Drupa--Direct Imaging Takes Center Stage
Thousands of visitors flocked to Drupa 2000, the world's largest graphic arts trade show. IPG was among them. Find out what we learned about the direction the printing industry is heading.
Everything worth seeing in the graphic arts world was at Drupa 2000. For two solid weeks, the world's printers crowded Düsseldorf, Germany's fairgrounds to visit some 1,669 exhibitors from 44 countries. In-Plant Graphics was there, finding out about the latest innovations and trends so we could share them with you. With 18 halls to visit, though, the task was a bit overwhelming.
The most prevalent trend in the offset world was the move to on-press imaging. Numerous vendors offered new direct imaging (DI) presses, such as Komori, MAN Roland, Sakurai, Adast, Karat Digital Press, Screen and Ryobi.
Elsewhere, manufacturers crossed categories left and right. Offset vendors unveiled digital printers, experts in digital color printing moved into the black-and-white domain and vendors of all types scrambled to offer "e-services," or to otherwise link themselves to the Internet world.
"We believe we've really become the output to e-business," noted IBM's Bill McCracken, a statement echoed by vendors everywhere.

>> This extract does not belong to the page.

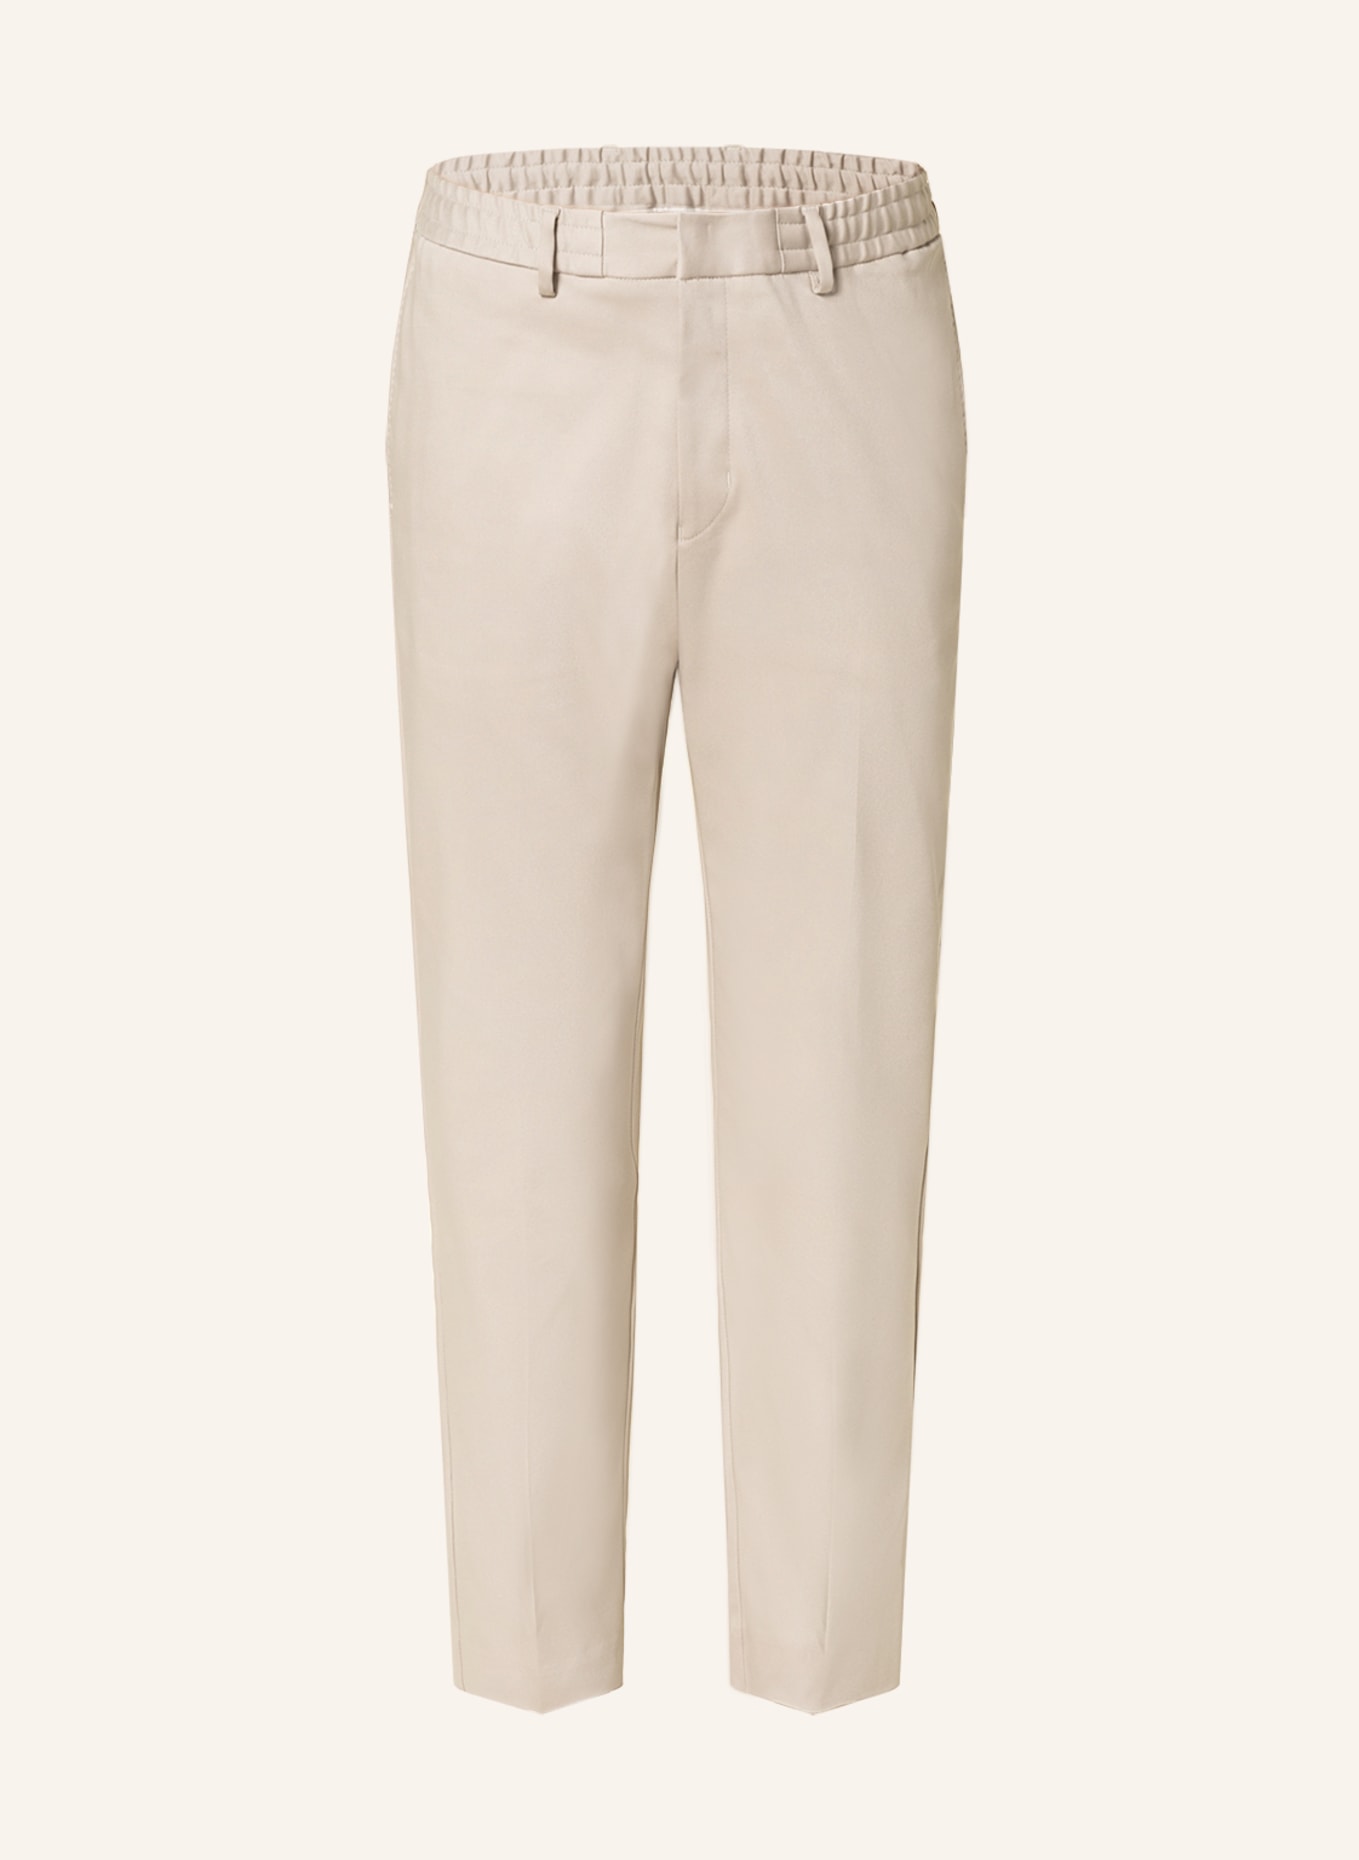 TIGER OF SWEDEN Spodnie garniturowe TRAVEN extra slim fit, Kolor: 13Q Ivory (Obrazek 1)

Offset king Heidelberg—which moved into digital printing last year with the black-and-white Digimaster 9110—went a step farther at Drupa and introduced a digital color printer, the NexPress 2100. MAN Roland teamed up with Xeikon to market, sell and service Xeikon digital color printing systems under the MAN Roland name. And in a similar category-crossing vein, Xerox showed off a direct imaging offset press, which used its DigiPath software.
Even digital color press manufacturers crossed categories. Two of the biggest, Indigo and Xeikon, turned some attention to the black-and-white world. Indigo showed its previously introduced Ebony press, with a production speed of 136 letter-size pages per minute, and Xeikon announced plans to market Nipson black-and-white digital presses under the Xeikon brand.